So, I saw this entry a while back. I just never had the courage or comfort level to try these bright bright colors. Just because you just want to go with the standards. But the more sites I've seen, and more books I've read, the bright colors does draw you in.
Now, mine came out a tad greener than I intended, but it does have that light blue in there, I promise.
For our friends' party, who is also a macaron lover after their trip from Cannes, they are just dying to make some. But since we haven't had time to get together, I went ahead and made a bunch for the party.
One of the guests who didn't know how precious these are, just popped one into his mouth, and was like, that wasn't half bad. -_- hmm...
Of course, then I saw on Macaron Fetish, where she did 2 colors. Since we didn't know exactly how, and I wasn't prepared. So what we did was I piped half exactly the same time with David pipe the other half. That's how we made the 2 color ones. If you read more from Macaron Fetish, you see that her method is much more refine than mine... LOL.

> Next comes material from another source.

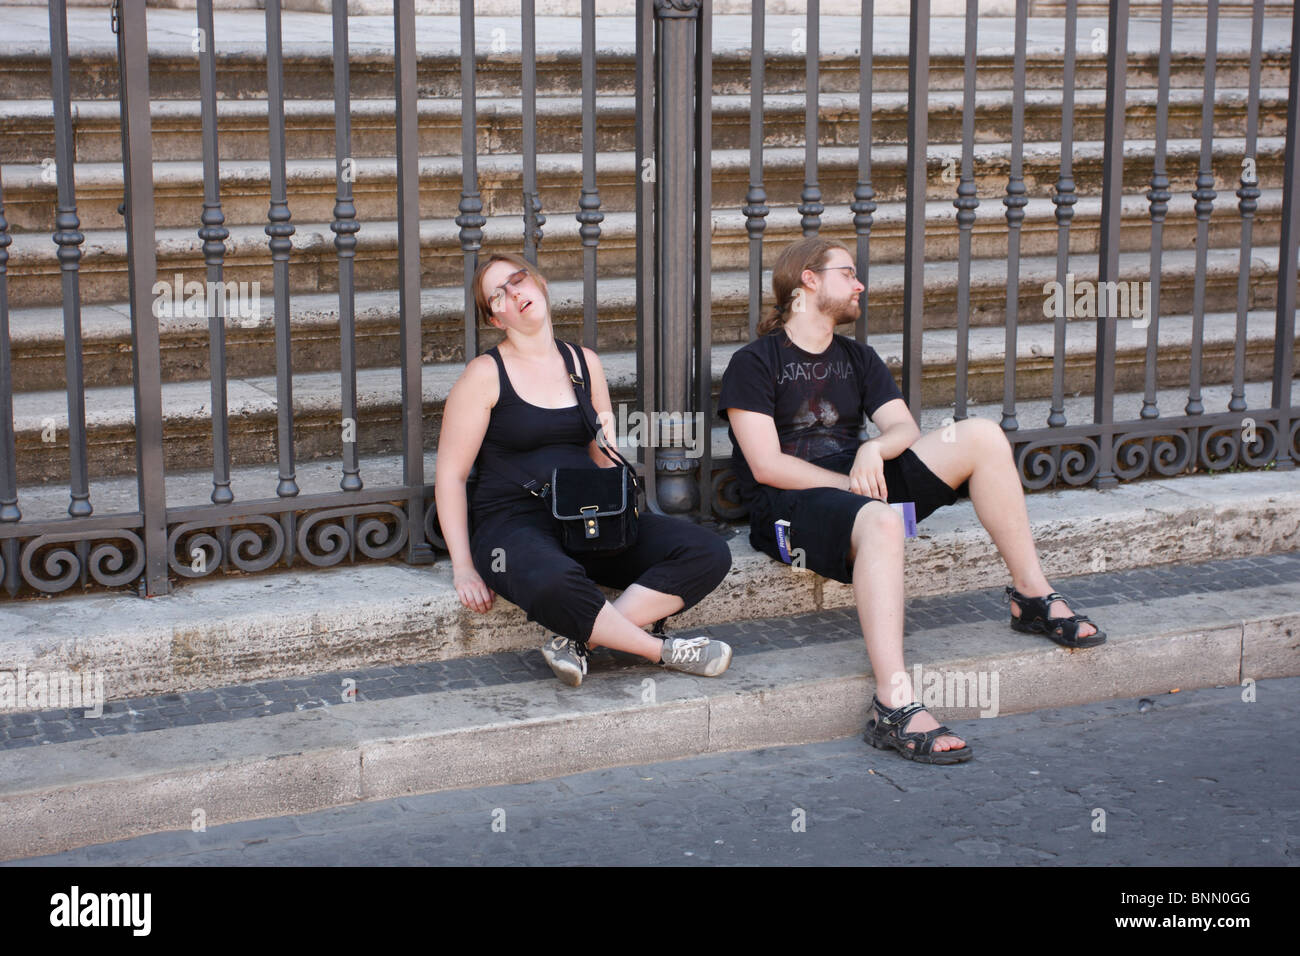 Le repos, les touristes fatigués à Rome, Italie Banque D'Images

The final flavors: Green (wanna-be-Tiffany) is chocolate mint ganache. Yellow is lemon white chocolate ganache*. Rose was milk chocolate rose ganache.
Basic Ganache Recipe
3oz of chocolate of choice
1/3cup of heavy cream
1 or 2 tbsp of flavor (optional)
1/8tsp of butter
Leave the butter to room temperature, set aside. Chop up chocolate into small pieces and place in a glass bowl. Heat up the cream and remove when you see bubble in the pan. Pour it over the chocolate. Start stirring(some people advise that you let it sit for 5 mins, I don't). I do put the butter in there at this point as I'm trying to get the lumps of chocolate out to smooth. Once it looked smooth, it's time to add the flavoring. Keep stirring, the chocolate should become smooth and shiny. Add coloring for white chocolate if you like.
Once it's all smooth, place a saran wrap over the chocolate but not over the bowl. Meaning, place the wrap on top of the chocolate so that it won't form a skin layer over the chocolate. Place it in either the freezer or fridge. If it's milk or dark chocolate it takes about 15mins in the fridge, 5 mins in the freezer for it to become ganache-ish. Check often, it should become this ribbon-like texture, not too liquidity but not solid either.
*The white chocolate ganache was a pain. After reading a bit, because it has less fat content in the chocolate, it took longer to 'solidify'. I put it in the freezer for 20 mins and it didn't become ribbon-like. It was still liquid all the way even though the flavor was good.
So, the trick apparently it's one of two things: either, I keep the same recipe but do it a day ahead to give it time (preferably overnight) for it to 'solidify'. OR, according to Baking 911, is to do 3 part white chocolate and 1 part cream.
Will have to test it out next round...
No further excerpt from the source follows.